Information is continuously collected after a medicine is placed on the market to monitor real-life experience with the product. European regulatory authorities closely monitor this information to make sure that the benefits of medicines continue to outweigh their risks. The same monitoring methods are used across the EU so that European regulators can share the information gathered in individual EU countries. This provides a wealth of knowledge for regulators to rely upon when making decisions, and enables them to act quickly to ensure patient safety when required, such as providing warnings to patients and healthcare professionals or restricting the way a medicine is used.

Reporting side effects

Reporting suspected side effects is an important way to gather more information on medicines on the market. Regulators look at reports of side effects alongside all the information they already have to make sure that the benefits of medicines remain greater than their risks and to take any necessary action.

The Agency encourages patients and healthcare professionals to report any suspected side effects directly to the health authorities in their country. Under the new pharmacovigilance legislation, patients have the right to report suspected side effects directly to the national authorities if they wish. Information on how to report suspected side effects is given in each medicine’s package leaflet and summary of product characteristics.

The black triangle is a way to quickly identify medicines that are subject to additional monitoring.

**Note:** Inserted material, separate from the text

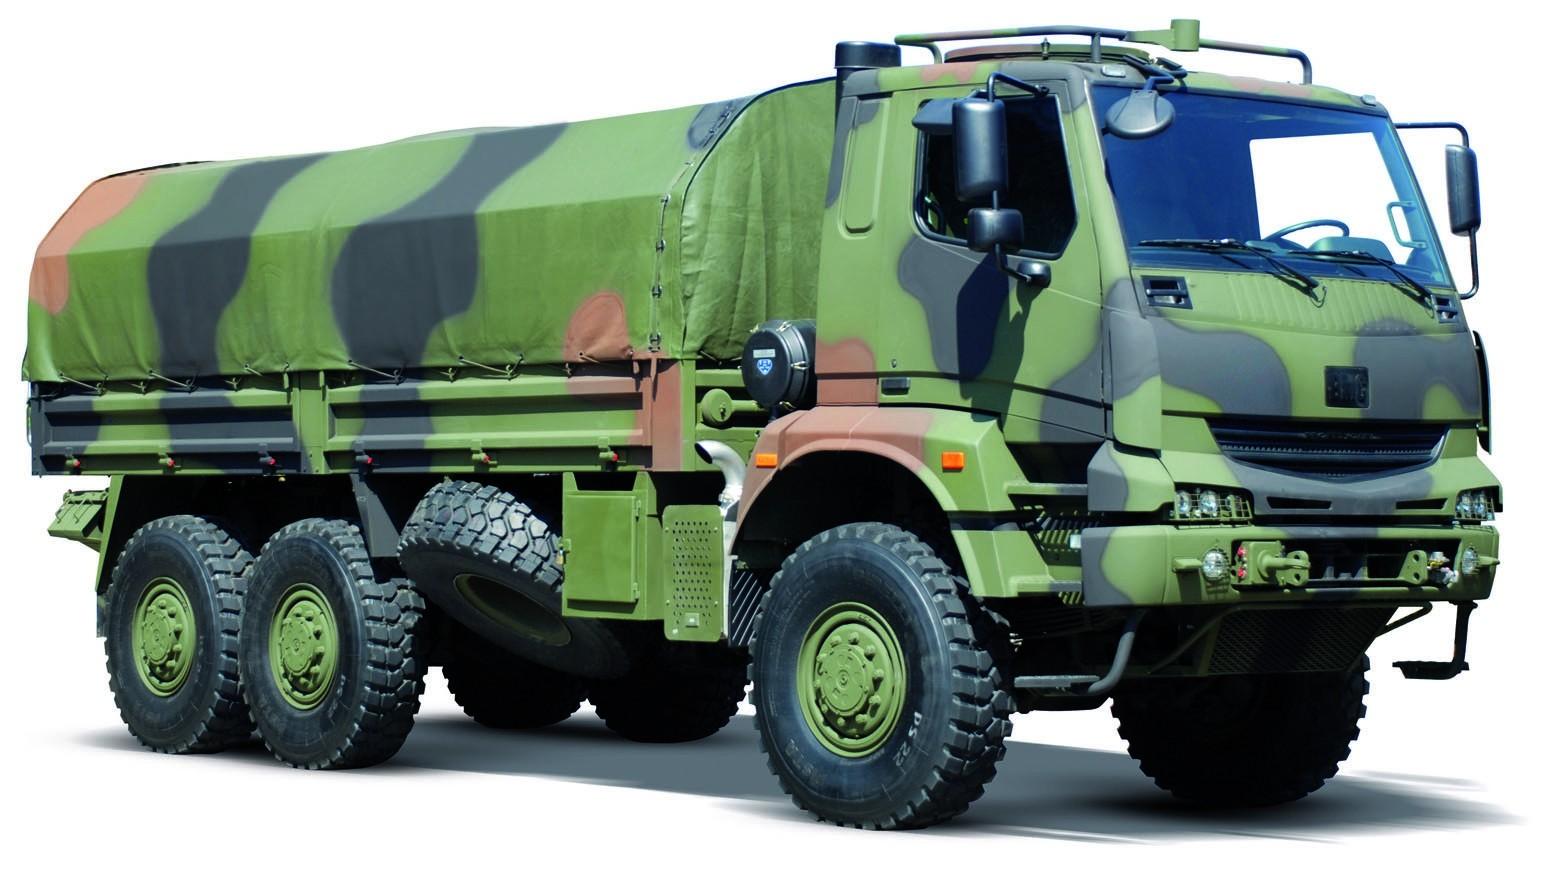 Тяжелый 385-сильный автомобиль BMC 380-26P с новой кабиной

Patients and healthcare professionals are strongly encouraged to report suspected side effects with medicines displaying the black triangle, so that any new emerging information can be analysed efficiently.

Introduction of the new European system

The black triangle will be introduced on 1 September 2013. Any new medicine authorised after this date which is subject to additional monitoring will include the black symbol in the package leaflet and the summary of product characteristics when it is placed on the EU market.

The legislation affects medicines authorised in the EU after 1 January 2011. Therefore, there will be a transition period while the package leaflets and summaries of product characteristics for these medicines are updated and eventually substitute the older versions on the EU market.

To confirm whether a medicine is subject to additional monitoring, always check the list on the Agency’s website, which is reviewed every month and is constantly up-to-date.